Running the pipeline with your own data
Provide an index.csv file
Create a TAB delimited text file that will be the input for the workflow. By default the pipeline will look for a file called “index.csv” in the base directory but you can specify any file name using the --indexfile [filename] in the nextflow run command. This text file requires the following columns (which needs to be included as a header): sampleid,samplepath
sampleid will be the sample name that will be given to the files created by the pipeline
samplepath is the full path to the fastq files that the pipeline requires as starting input
An index_example.csv is included in the base directory:
sampleid,samplepath MT212,/work/diagnostics/2021/MT212_21-22bp.fastq MT213,/work/diagnostics/2021/MT213_21-22bp.fastq
Provide a database
By default, the pipeline is set to run homology blast searches against a local plant virus/viroid database (this is set in the nextflow.config file with parameter
--virreport_viral_db = true
. You will need to provide this database to run the pipeline. You can either provide your own or use a curated database provided at https://github.com/maelyg/PVirDB.git . Ensure you use NCBI BLAST+ makeblastdb to create the database. For instance, to set up this database, you would take the following steps:git clone https://github.com/maelyg/PVirDB.git cd PVirDB gunzip PVirDB_v1.fasta.gz makeblastdb -in PVirDB_v1.fasta -parse_seqids -dbtype nucl
Then specify the full path to the database files including the prefix in the nextflow.config file. For example:
params { blast_local_db_path = '/path_to_viral_DB/viral_DB_name' }
If you also want to run homology searches against public NCBI databases, you need to set the parameter
virreport_ncbi
in the nextflow.config file totrue
:params { virreport_ncbi = true }
or add it in your nextflow command:
nextflow run eresearchqut/VirReport -profile {docker, singularity or conda} --virreport_ncbi
Download these locally, following the detailed steps available at https://www.ncbi.nlm.nih.gov/books/NBK569850/ . Create a folder where you will store your NCBI databases. It is good practice to include the date of download. For instance:
mkdir blastDB/30112021
You will need to use the update_blastdb.pl script from the blast+ version used with the pipeline.
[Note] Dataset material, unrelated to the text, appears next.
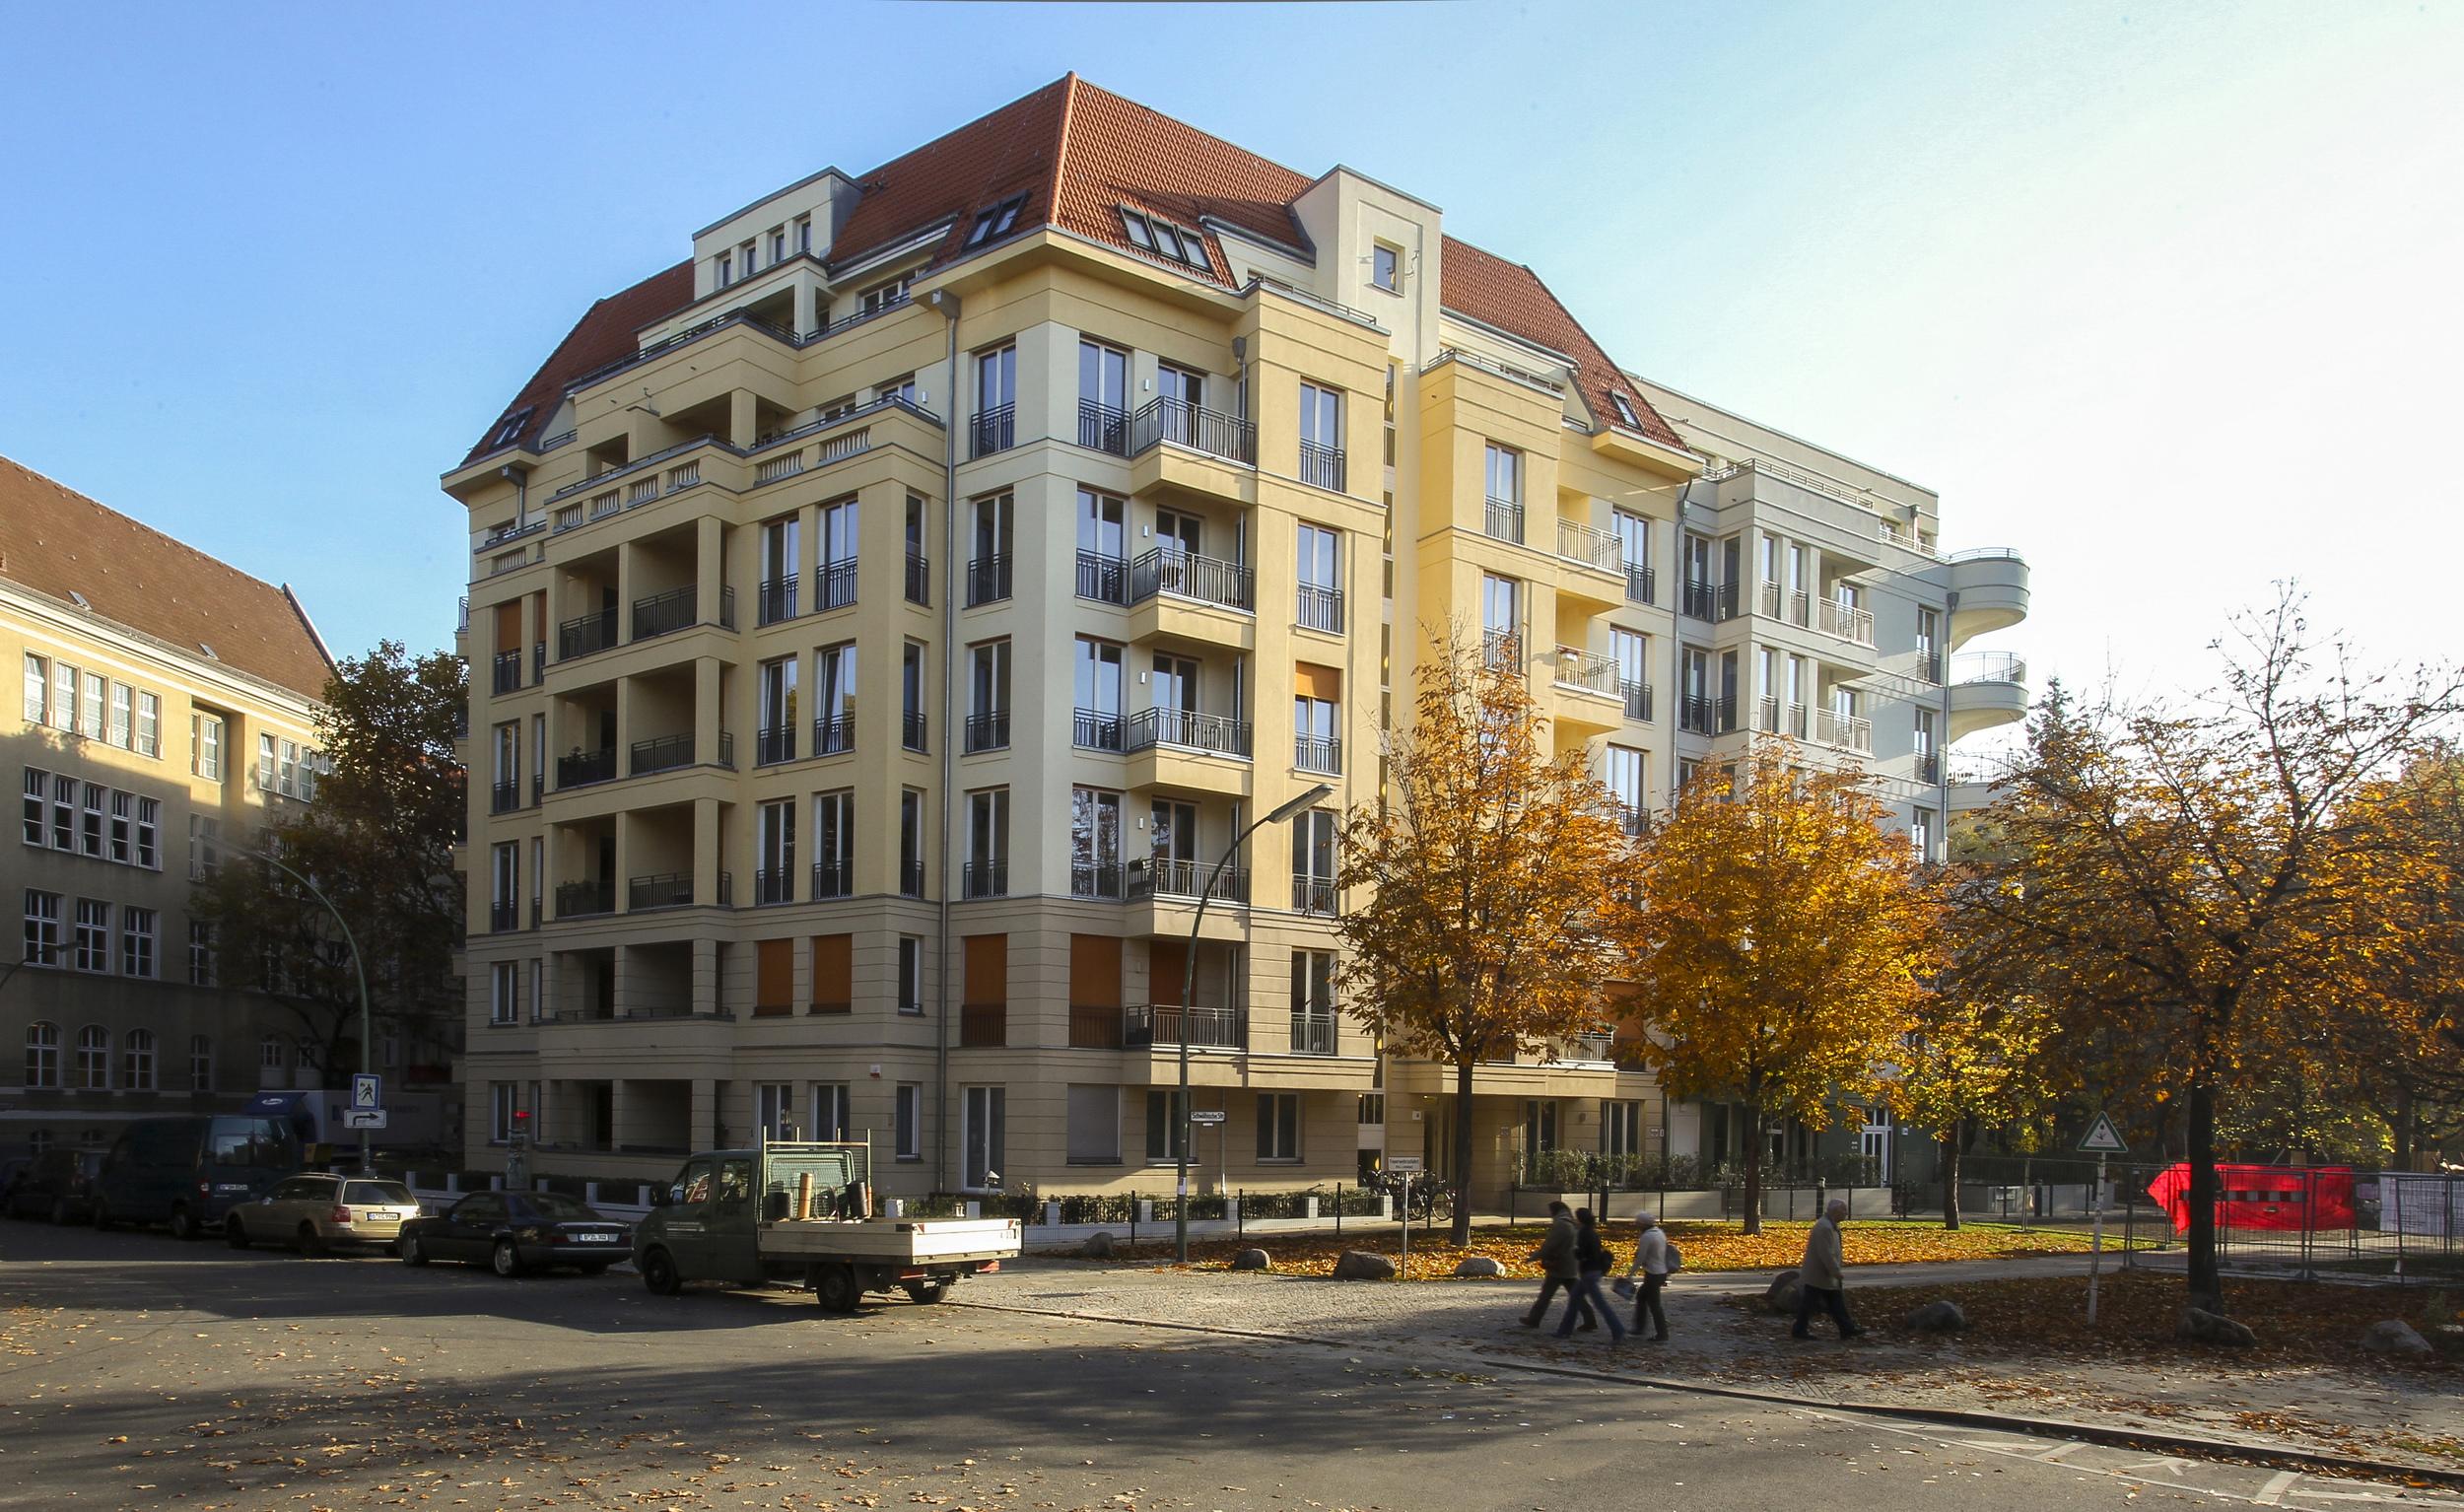 LIGNE ARCHITEKTEN Barbarossaplatz 2.jpg

For example:perl update_blastdb.pl --decompress nt [*] perl update_blastdb.pl --decompress nr [*] perl update_blastdb.pl taxdb tar -xzf taxdb.tar.gz
Make sure the taxdb.btd and the taxdb.bti files are present in the same directory as your blast databases.
Specify the path of your local NCBI blast nt and nr directories in the nextflow.config file.
For instance:params { blast_db_dir = '/work/hia_mt18005_db/blastDB/20220408' }
Run nextflow
nextflow run eresearchqut/VirReport -profile {docker, singularity or conda} --indexfile index.csv
On our HPC you can either specify singularity or conda as profile.
A cached environment will be built in your home directory under either the cached singularity or conda directory. This step might take some time the first time you run the pipeline.